> [PROVIDED INFORMATION]:
* * * * *

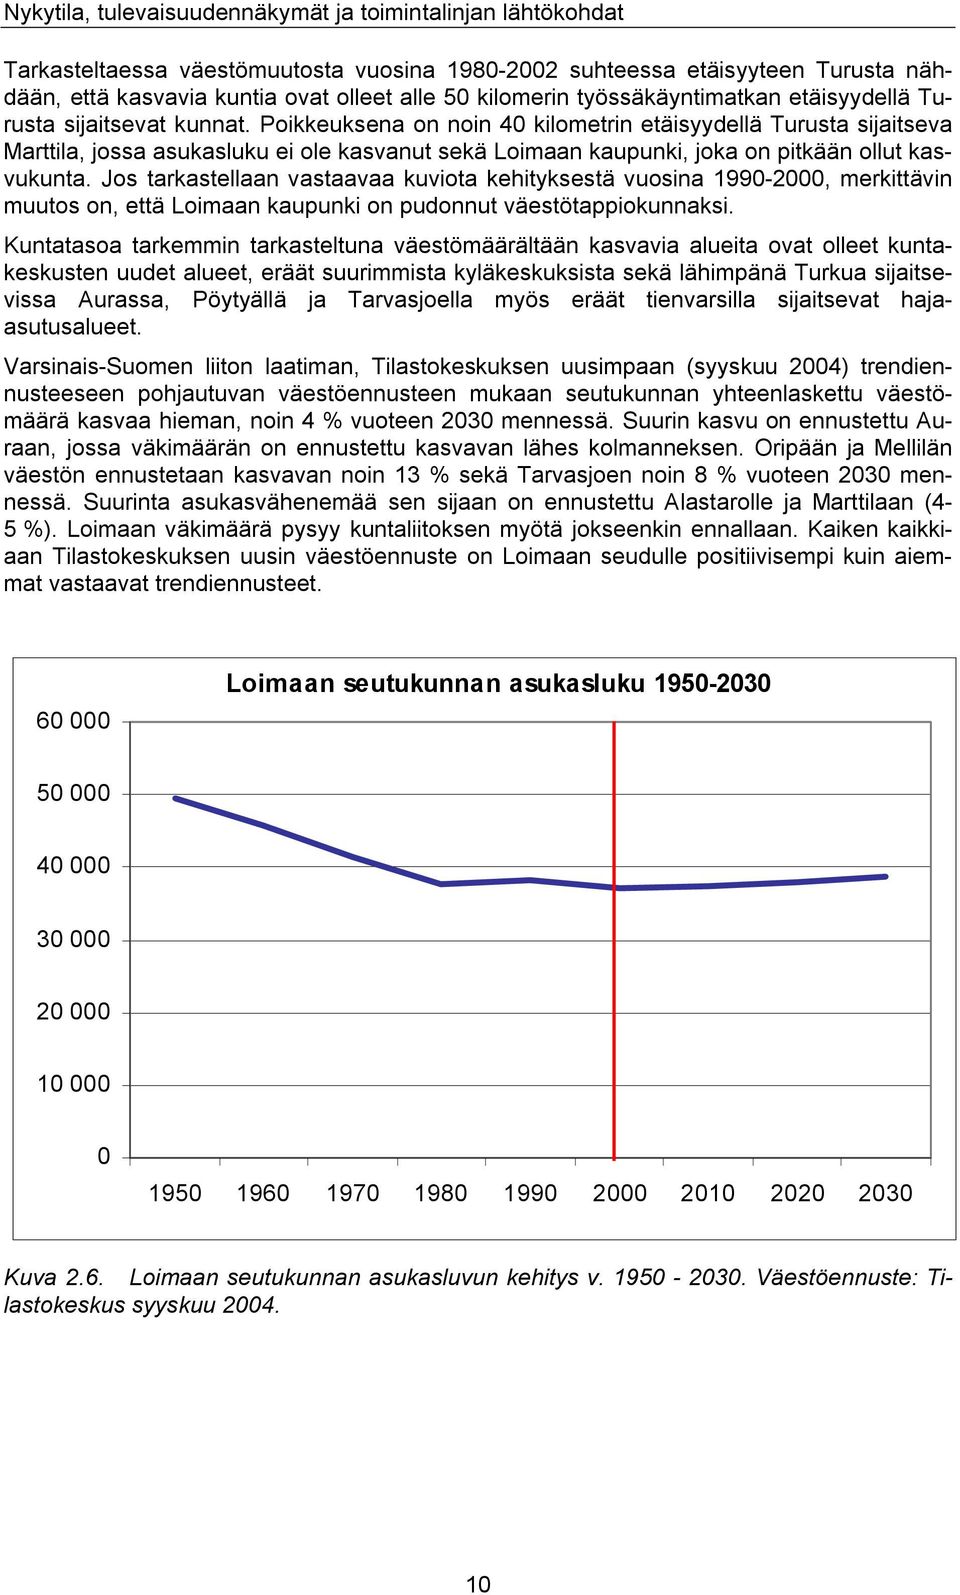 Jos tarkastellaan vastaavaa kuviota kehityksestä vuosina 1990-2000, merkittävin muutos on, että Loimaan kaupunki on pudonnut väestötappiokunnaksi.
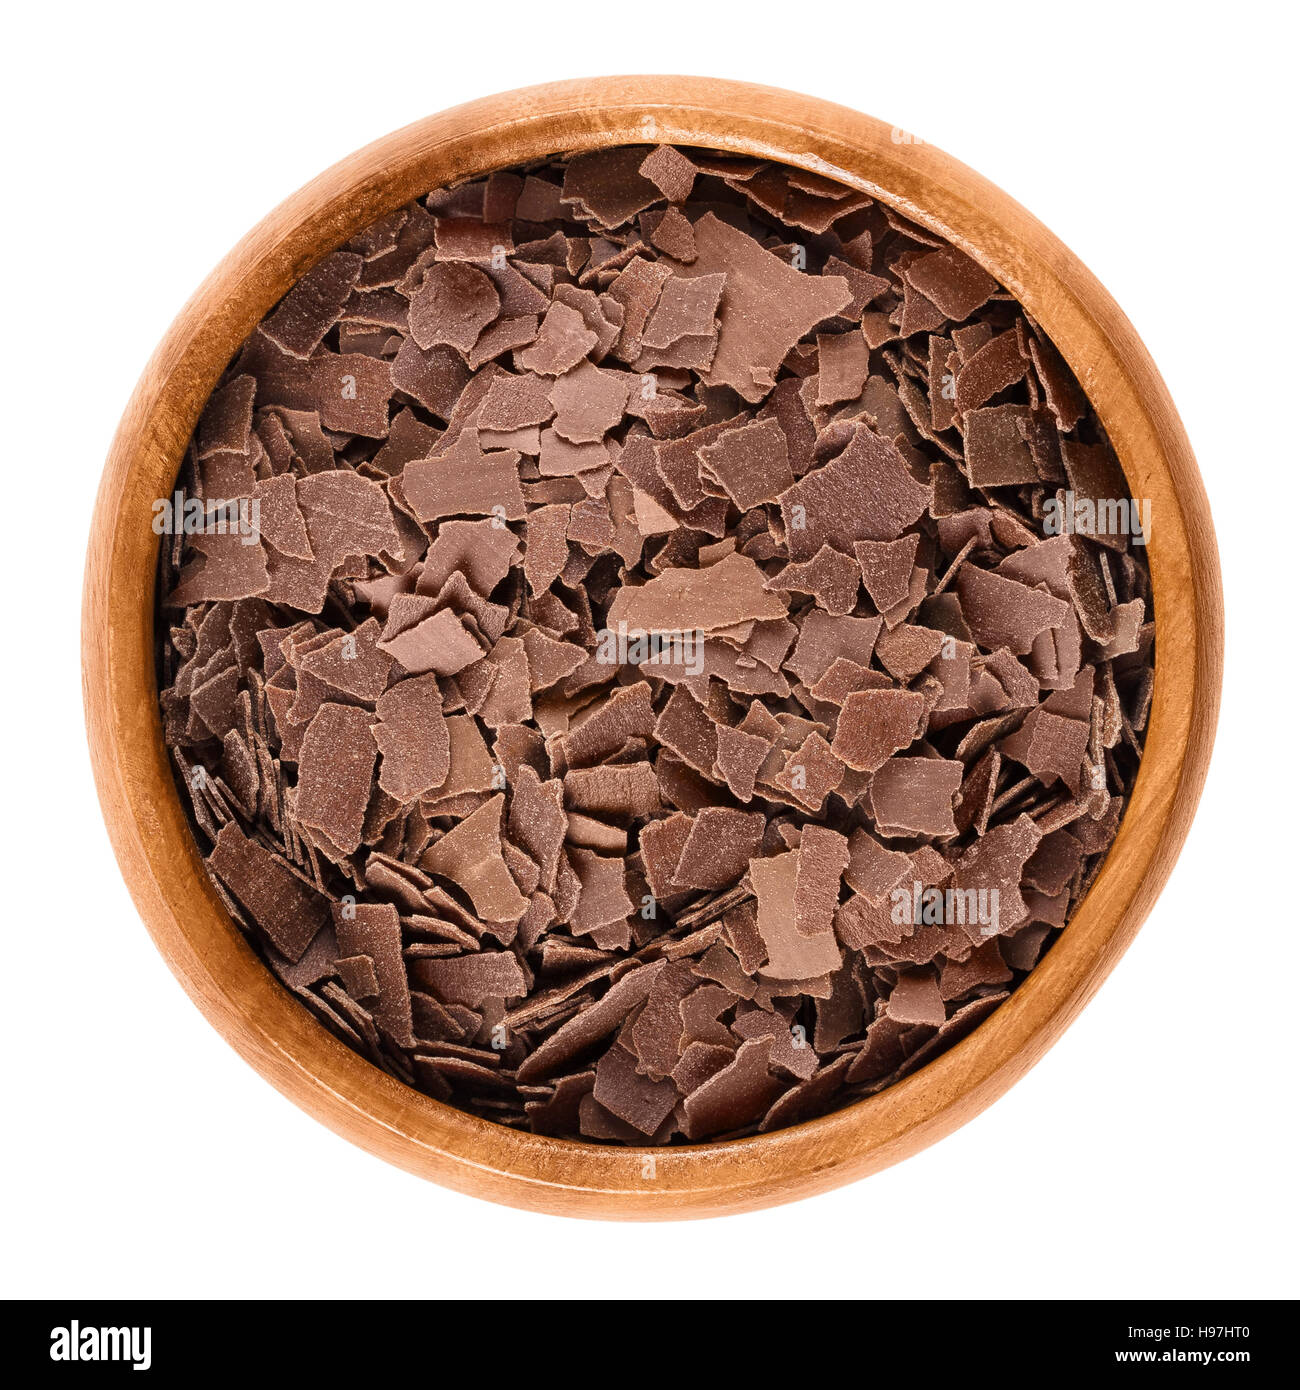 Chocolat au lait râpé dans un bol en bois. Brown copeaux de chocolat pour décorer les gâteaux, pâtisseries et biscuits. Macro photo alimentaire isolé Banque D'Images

* * * * *

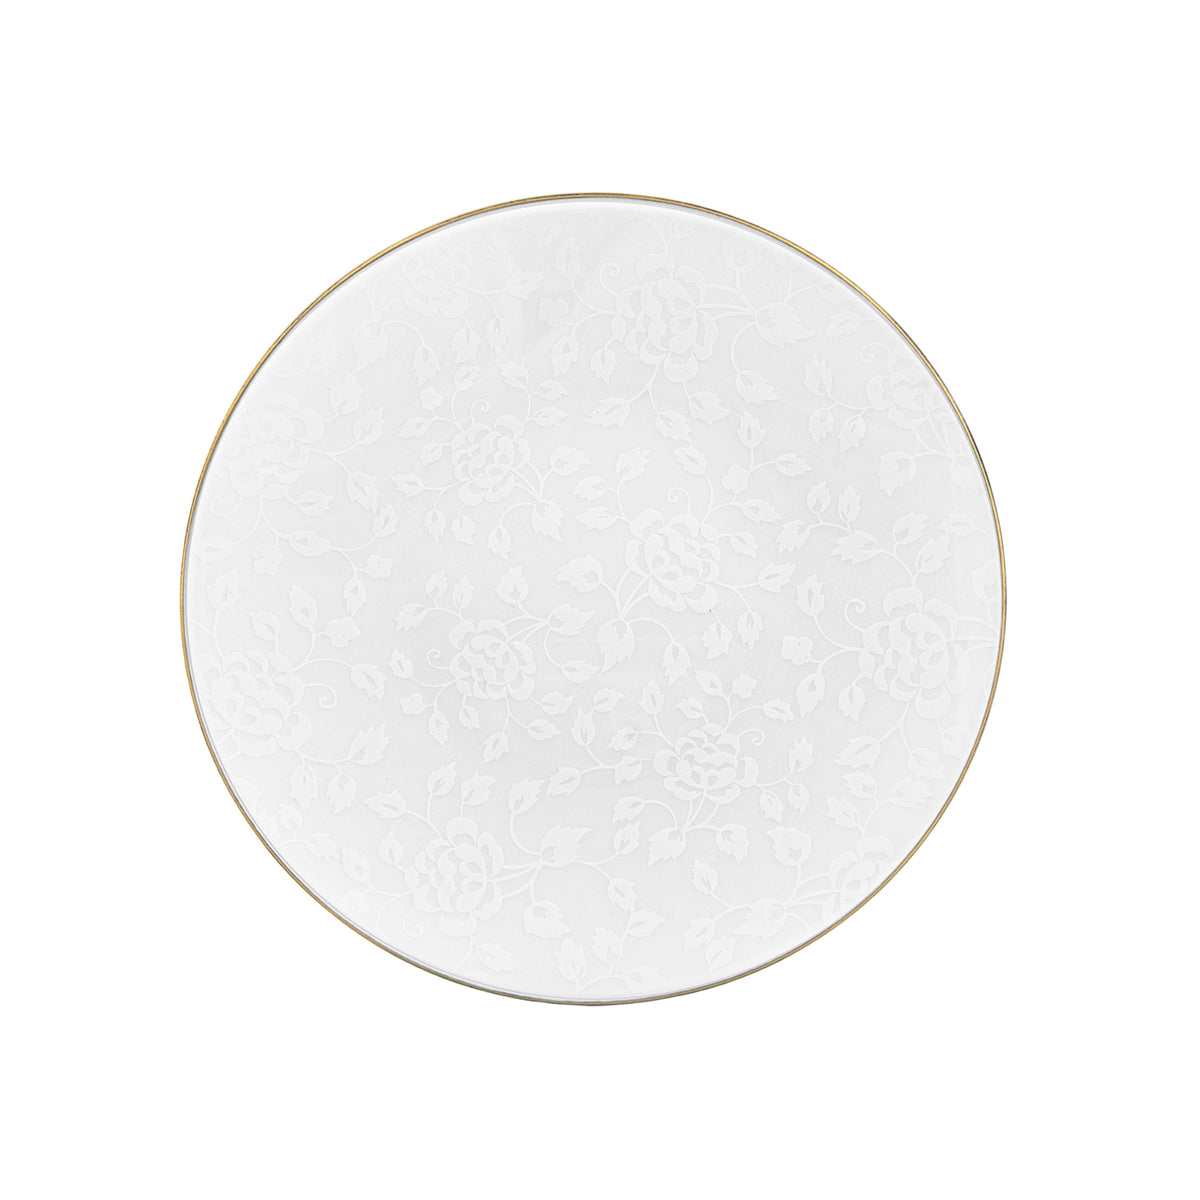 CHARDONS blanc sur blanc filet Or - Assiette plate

* * * * *

> [ACTIVITY]:
Write out word for word the lines above that run from the one with "Jos tarkastellaan vastaavaa" to the one with "Chocolat au lait". Include both end lines; exclude the images.

> [RESULT]:
 Jos tarkastellaan vastaavaa kuviota kehityksestä vuosina 1990-2000, merkittävin muutos on, että Loimaan kaupunki on pudonnut väestötappiokunnaksi.
 Chocolat au lait râpé dans un bol en bois. Brown copeaux de chocolat pour décorer les gâteaux, pâtisseries et biscuits. Macro photo alimentaire isolé Banque D'Images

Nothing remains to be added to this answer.